SYRACUSE Things looked bleak for Emma Brooke Whitehead.
The 6-year-old had acute lymphoblastic leukemia, and the cancer looked terminal. Two years of chemotherapy had little effect. Doctors at the Children’s Hospital of Philadelphia (CHOP) estimated that she had a month to live.
Because of her unlikely chance for survival, Emma’s doctors decided to take a huge risk: They injected her with a genetically modified HIV stripped of its capacity to induce AIDS and modified to turn millions of Emma’s T-cells into so-called “serial killer cells” that would destroy the cells ravaging her body. The modified cells attached themselves to the cells possessing a cancer antigen called CD-19, which attach themselves to the lymphocytes in leukemia patients, and destroy those cells.
Eight months later, Emma appears to be cured.
“There is no danger of infection and there is no longer the HIV virus,” said researcher Dr.
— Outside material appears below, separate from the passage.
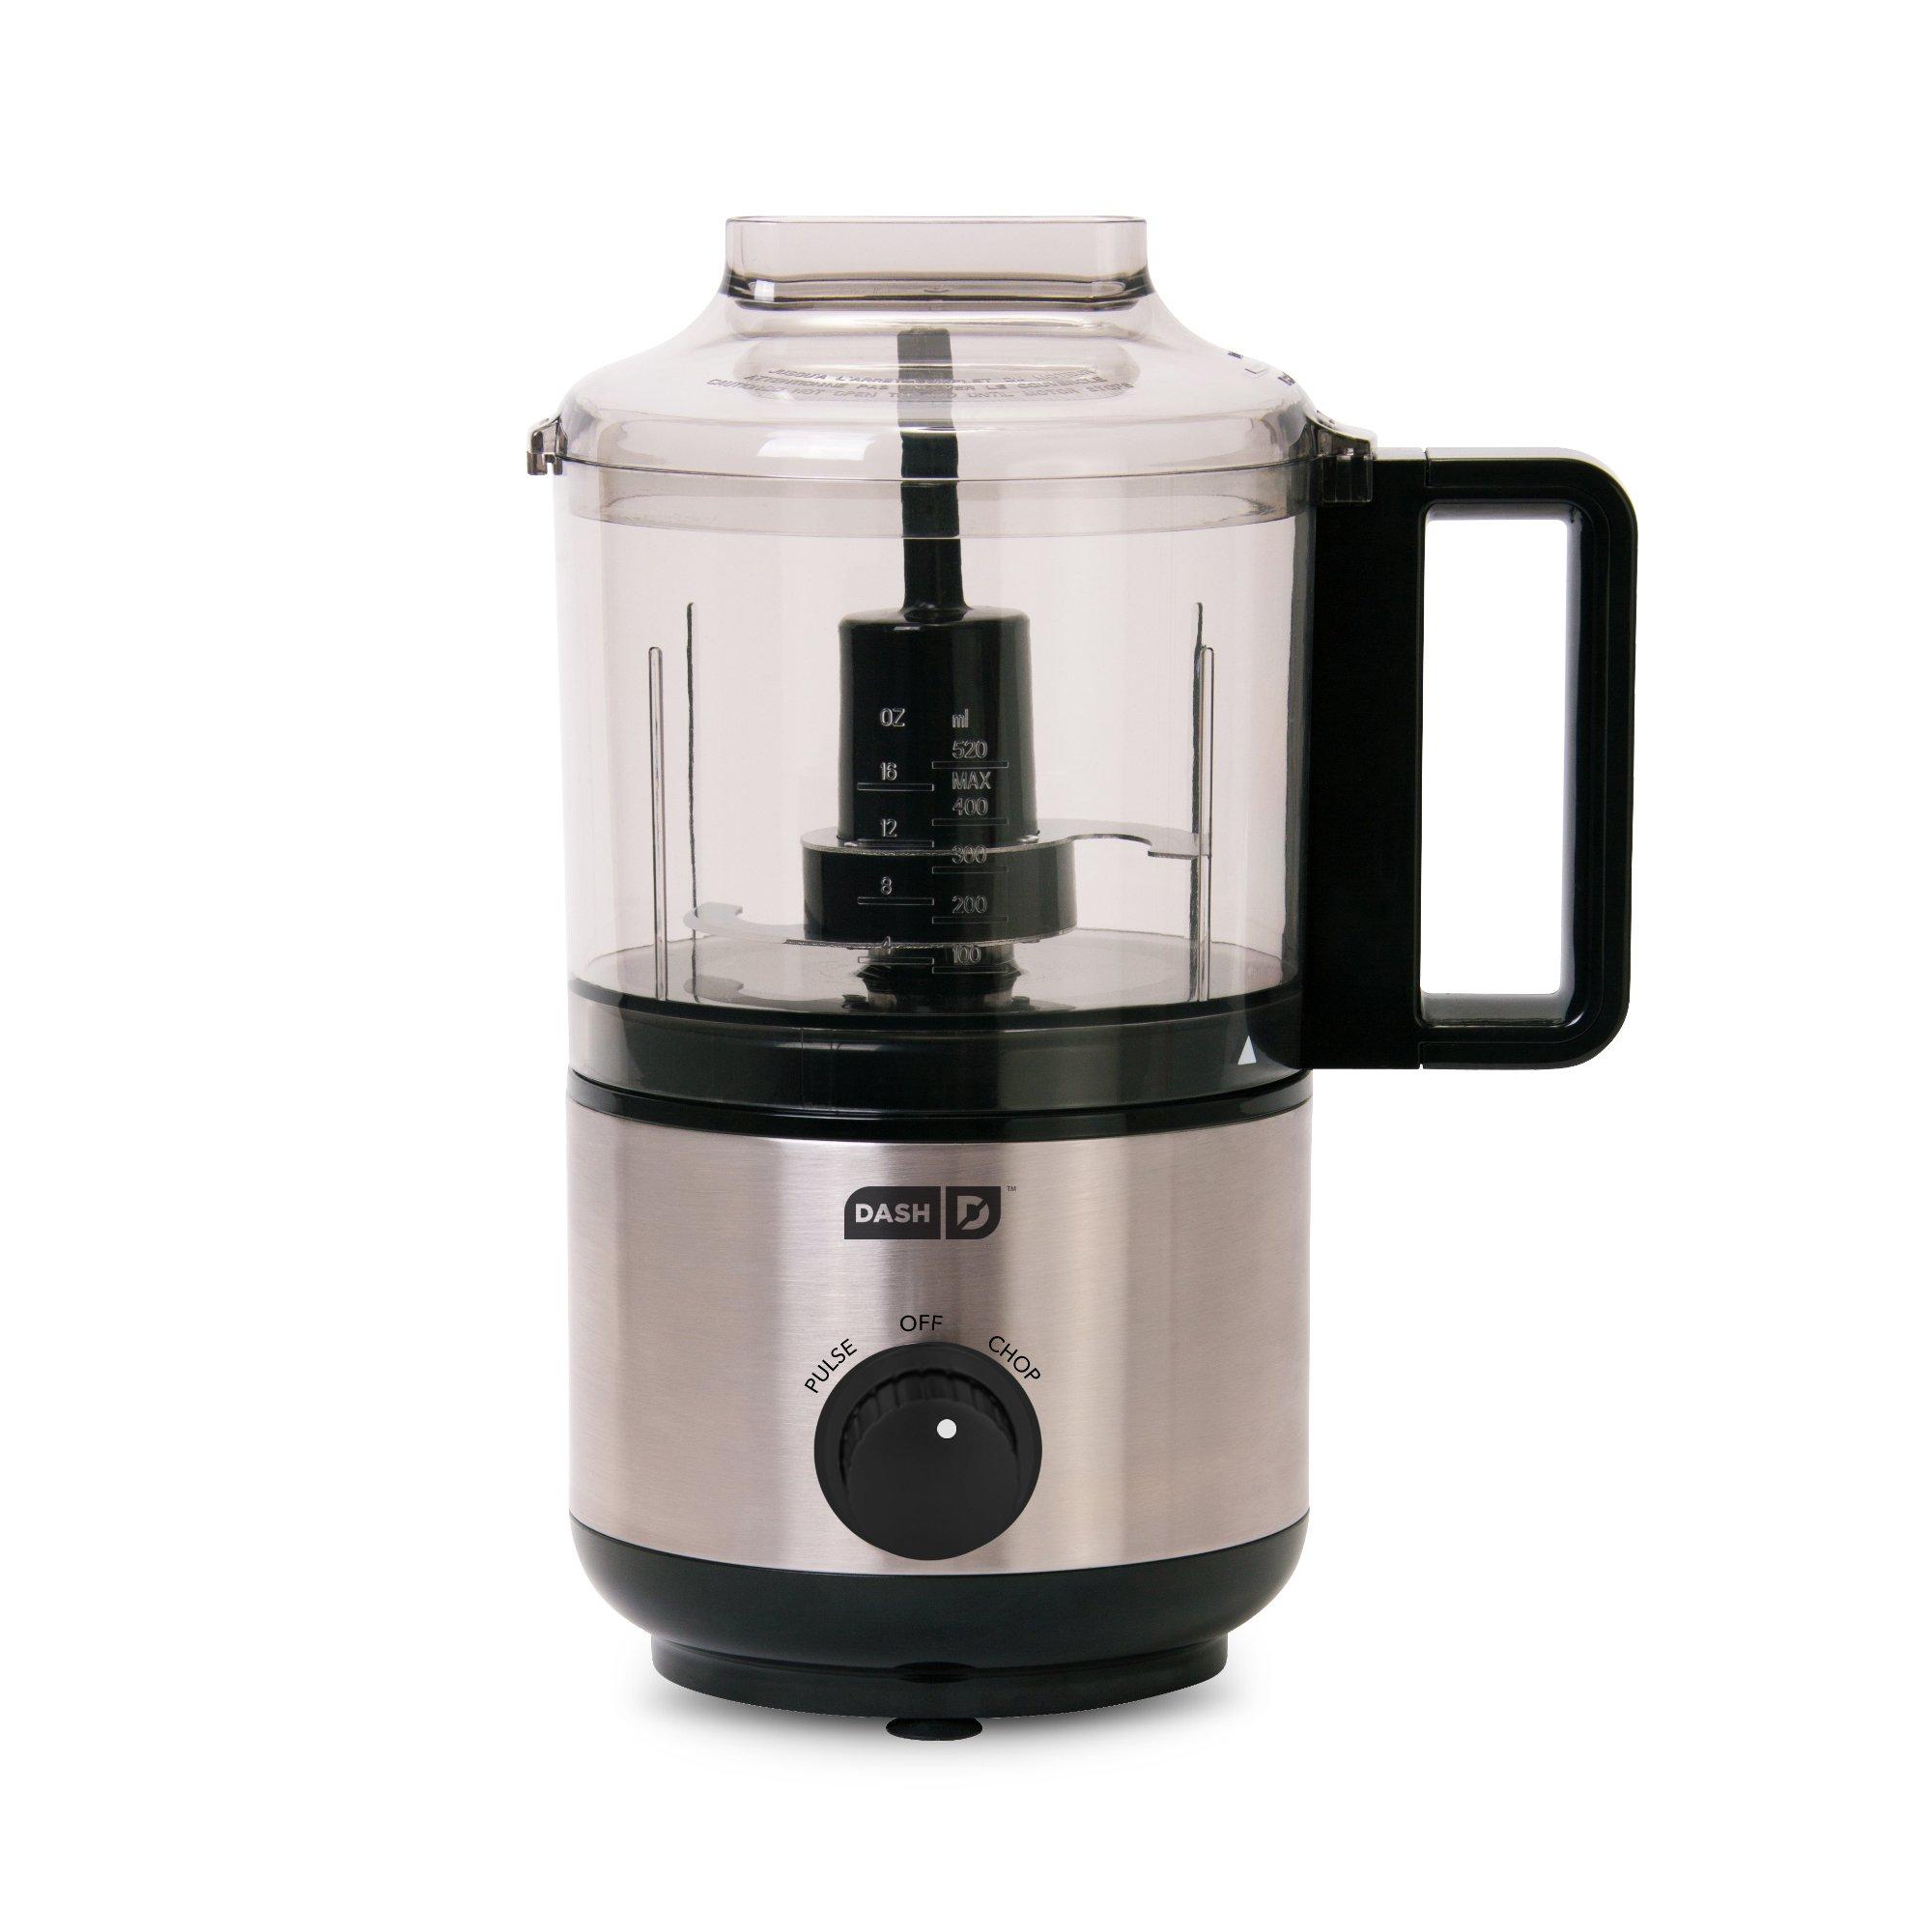 Dash DMFP100BK Express Mini Food Chopper Blend/Chop and Easy to Clean, 2 Cup, Black

Stephen Grupp, a pediatric oncologist at CHOP. “She has no leukemia in her body for any test that we can do — even the most sensitive ones.”
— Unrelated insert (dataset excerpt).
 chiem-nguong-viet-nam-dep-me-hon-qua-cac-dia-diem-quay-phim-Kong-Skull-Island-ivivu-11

Emma’s mother even said the girl now has the energy to play with her dog, go to school, even play soccer. Meanwhile, researchers say that they will continue to investigate whether modified HIV can be used to target and destroy other cancer antigens.
While Emma Whitehead’s is a particularly sensational case, researchers are making new discoveries every day in the treatment of pediatric cancer.
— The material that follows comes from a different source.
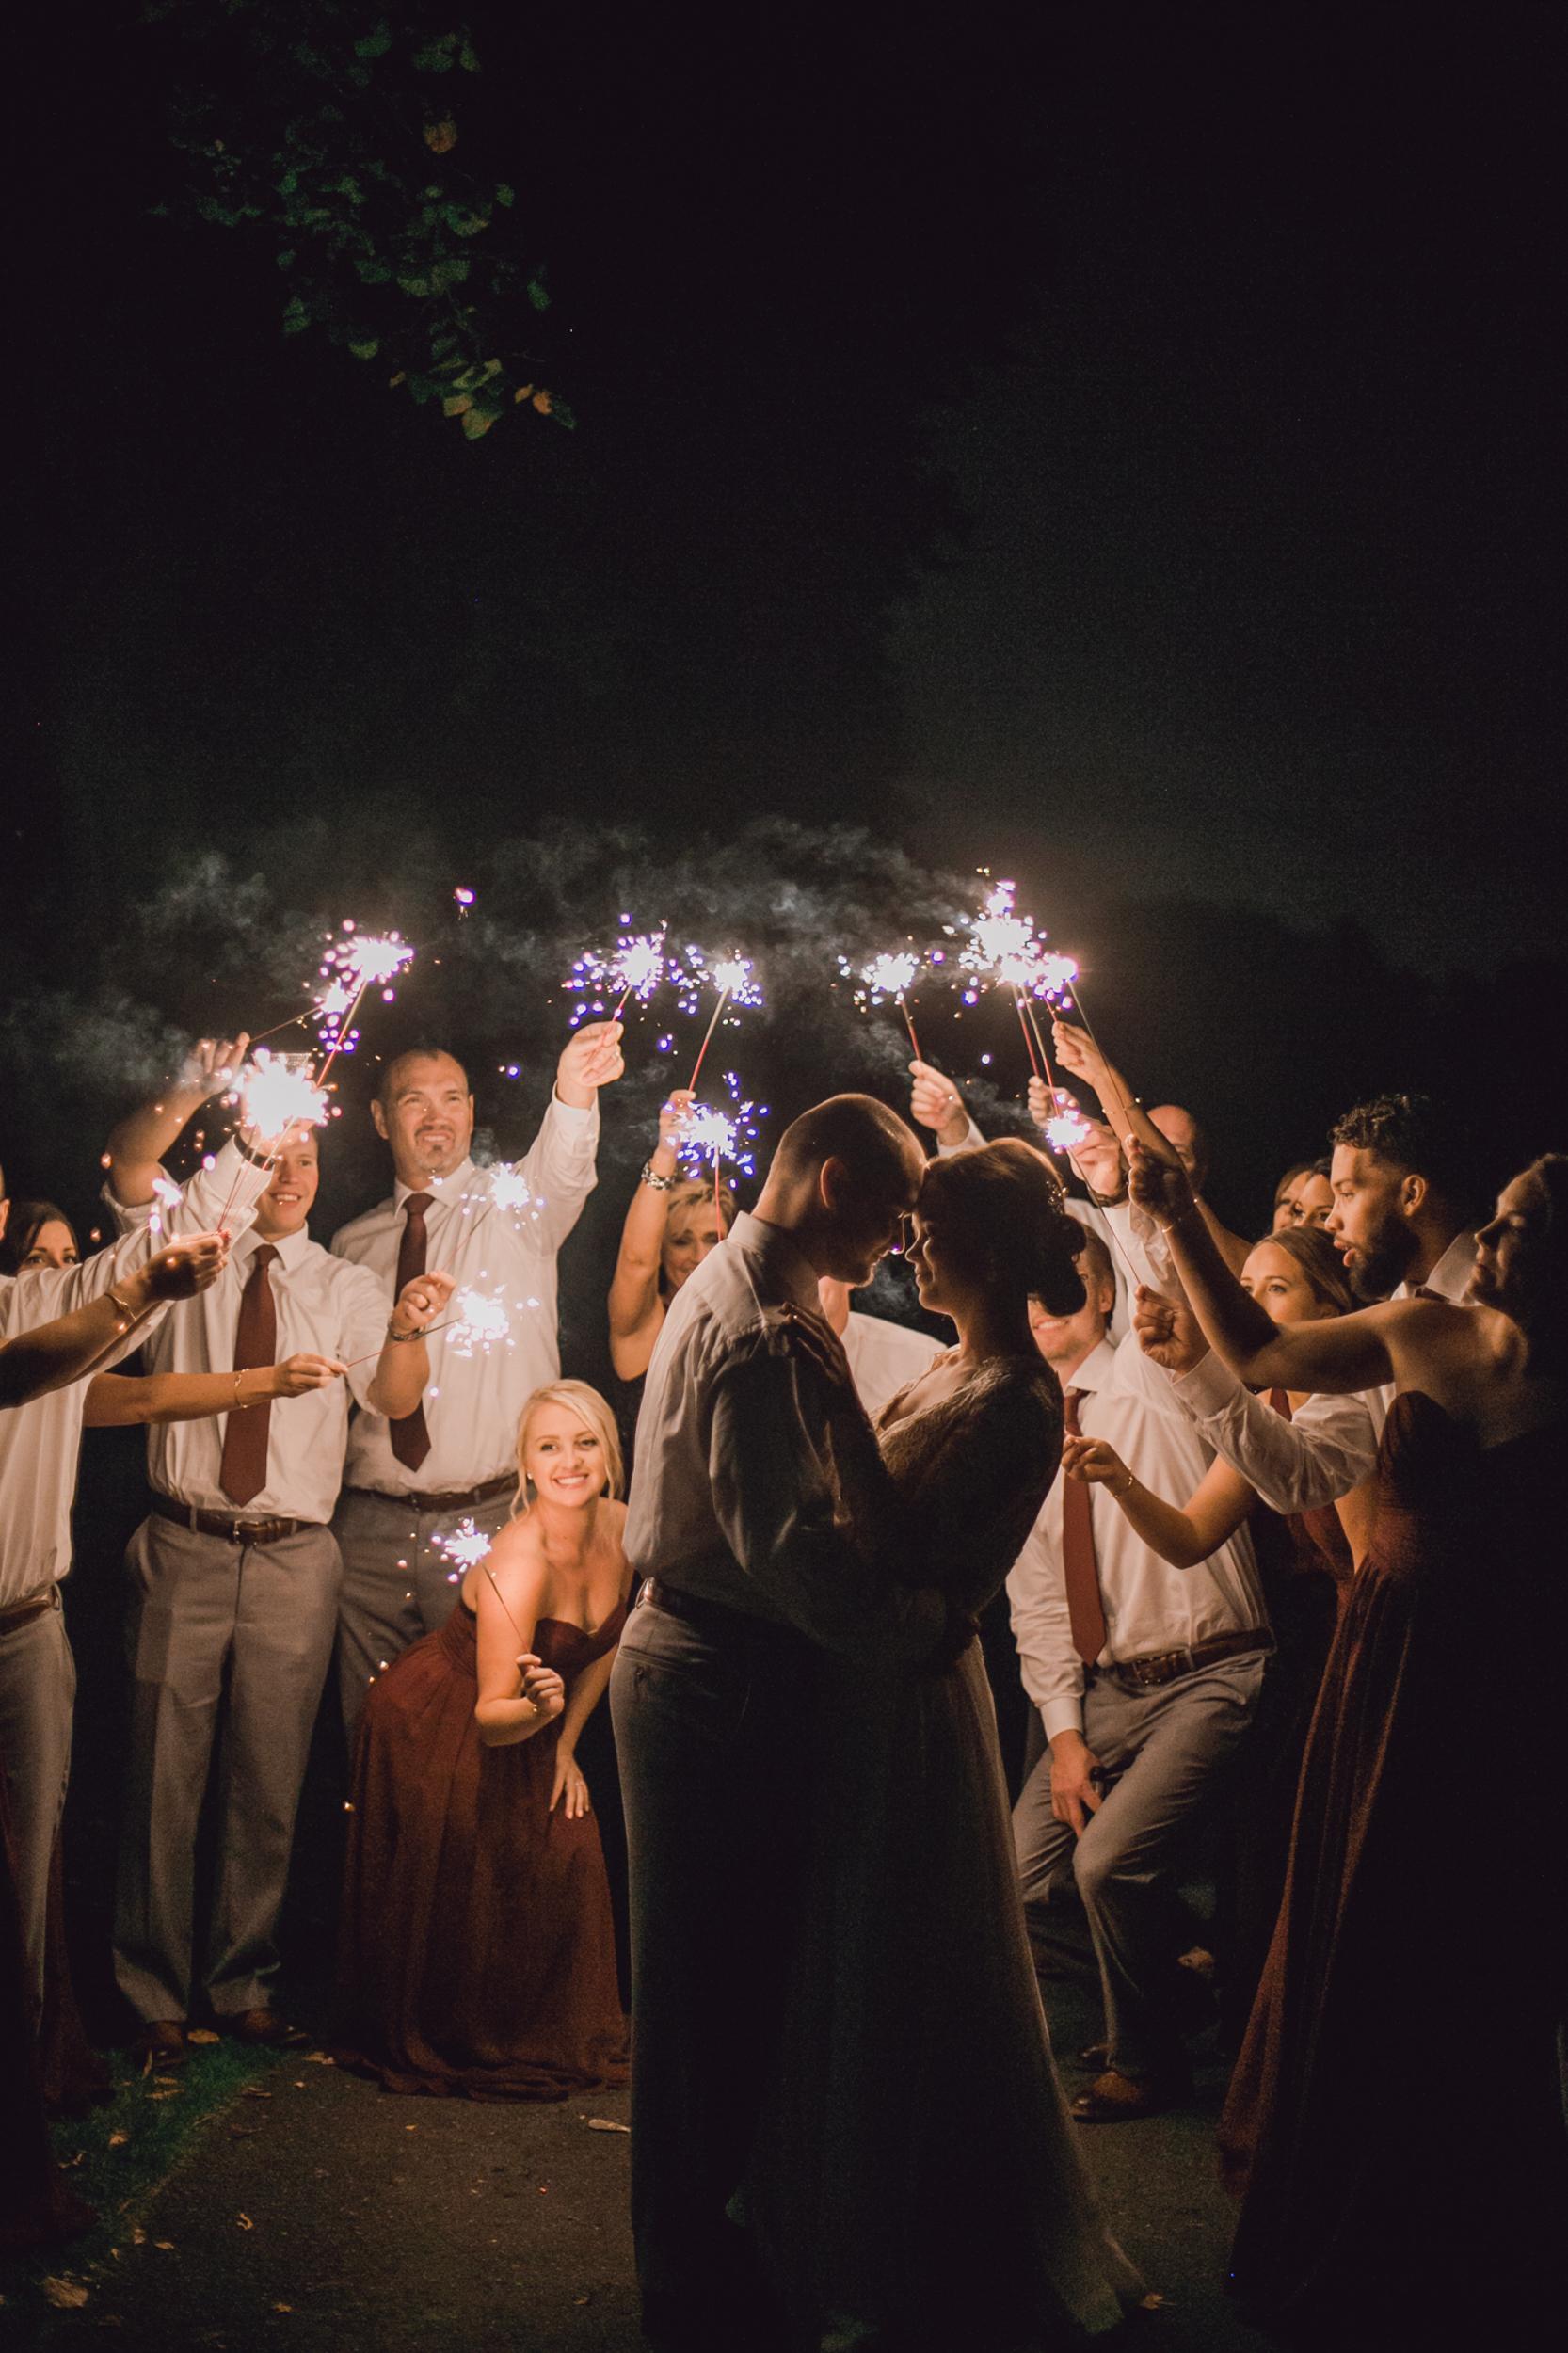 wedding-photography-dark-moody-rustic-details-11.jpg

“There’s constantly research going on, not only to improve survival, but to improve quality of life,” said Dr. Karol Kerr, a pediatric oncologist and supervisor of the Children’s Oncology Group at Upstate Golisano Children’s Hospital. “Additionally, a lot of the research focuses on decreasing the long-term side effects of treatment.”
The most advancements, Kerr said, have been made in the treatment of childhood leukemia and lymphoma.